The opinion of the court was delivered by: John A. Gorman United States Magistrate Judge


Monday, 01 October, 2012 11:46:29 AM

Clerk, U.S. District Court, ILCD


The parties have consented to have this case heard to judgment by a United States Magistrate Judge pursuant to 28 USC. § 636(c), and the District Judge has referred the case to me. Now before the court is the Defendant's motion for summary judgment (#17). The motion is fully briefed and I have carefully considered the arguments and evidence submitted by the parties. As explained herein, the motion is DENIED.


This case arises under the Fair Labor Standards Act, 29 USC §215(a)(3). This Court has subject matter jurisdiction pursuant to 29 USC §216(b) and 28 USC §1331.

The events alleged in the complaint took place in Fulton and Knox Counties, Illinois, both of which are within this District and in both of which the Defendant does business. Venue in this District is therefore proper.
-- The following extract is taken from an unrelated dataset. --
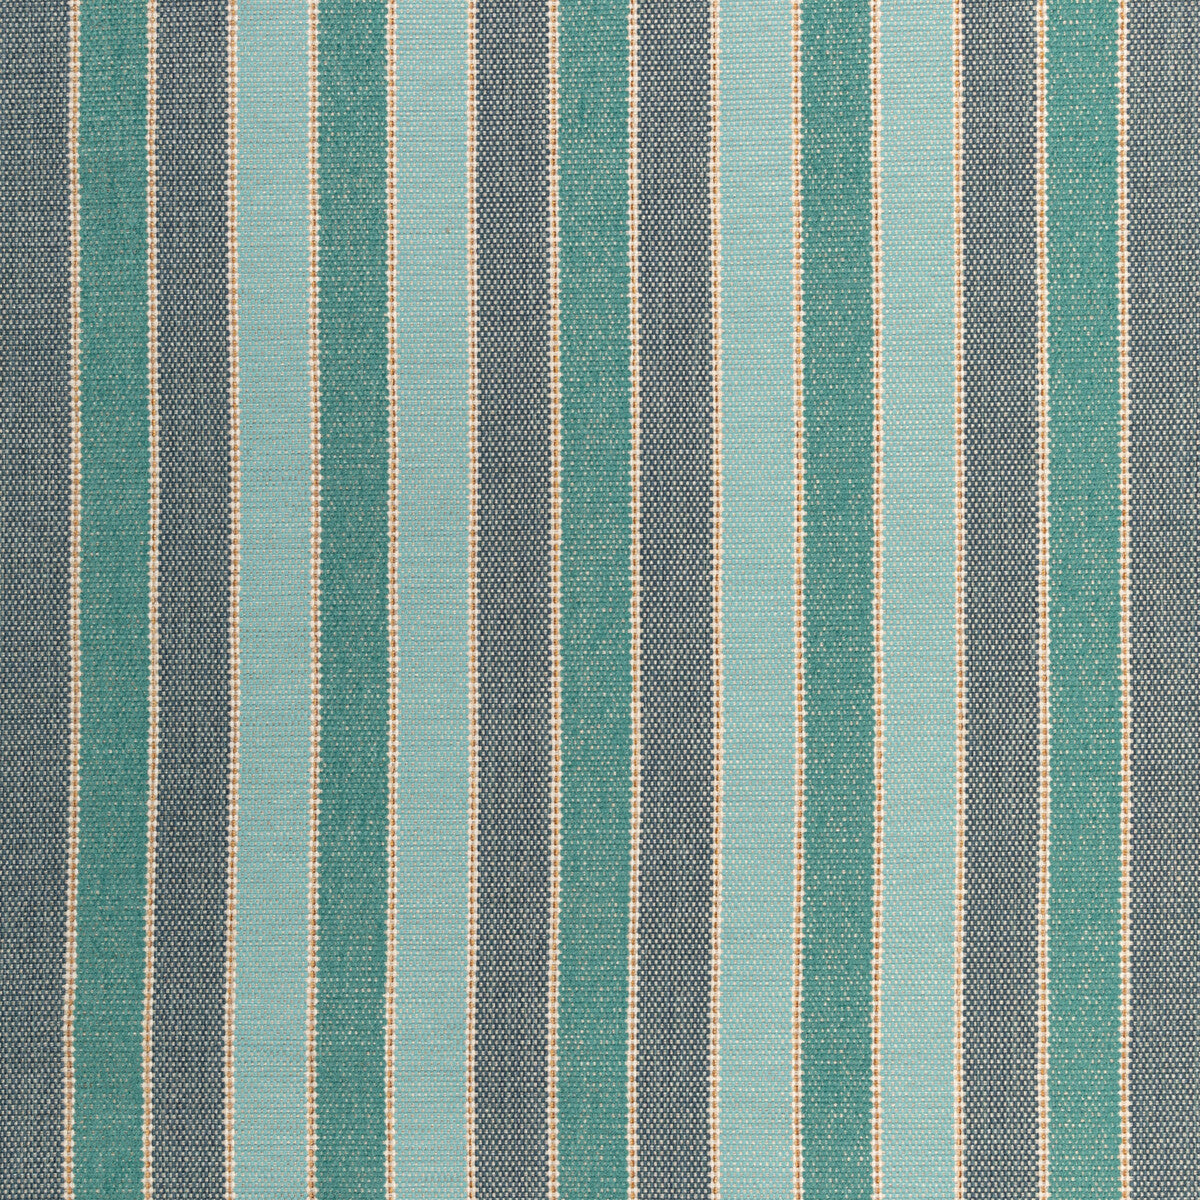 Walkway fabric in oasis color - pattern 36278.13.0 - by Kravet Contract in the Gis Crypton collection

Pursuant to CD Ill Local Rule 40.1(A), this case is assigned to the Peoria Division of this District.


The purpose of summary judgment is to "pierce the pleadings and to assess the proof in order to see whether there is a genuine need for trial." Matsushita Elec. Indus. Co., Ltd. v. Zenith Radio Corp., 475 US 574, 587 (1986). Under Rule 56(c) of the Federal Rules of Civil Procedure, summary judgment should be entered if and only if there is no genuine issue as to any material fact, and the moving party is entitled to judgment as a matter of law. See Jay v. Intermet Wagner Inc., 233 F.3d 1014, 1016 (7th Cir 2000); Cox v. Acme Health Serv., 55 F3d 1304, 1308 (7th Cir 1995).

In ruling on a summary judgment motion, the court may not weigh the evidence or resolve issues of fact; disputed facts must be left for resolution at trial. Anderson v. Liberty Lobby, Inc., 477 US 242 (1986). The court's role in deciding the motion is not to sift through the evidence, pondering the nuances and inconsistencies, and decide whom to believe. Waldridge v. American Hoechst Corp., 24 F3d 918, 922 (7th Cir1994). Summary judgment is not a substitute for a jury's determination about credibility. Paz v. Wauconda Healthcare and Rehabilitations Centre, 464 F3d 659, 664 (7th Cir 2006). The court has one task and one task only: to decide, based on the evidence of record, whether there is any material dispute of fact that requires a trial.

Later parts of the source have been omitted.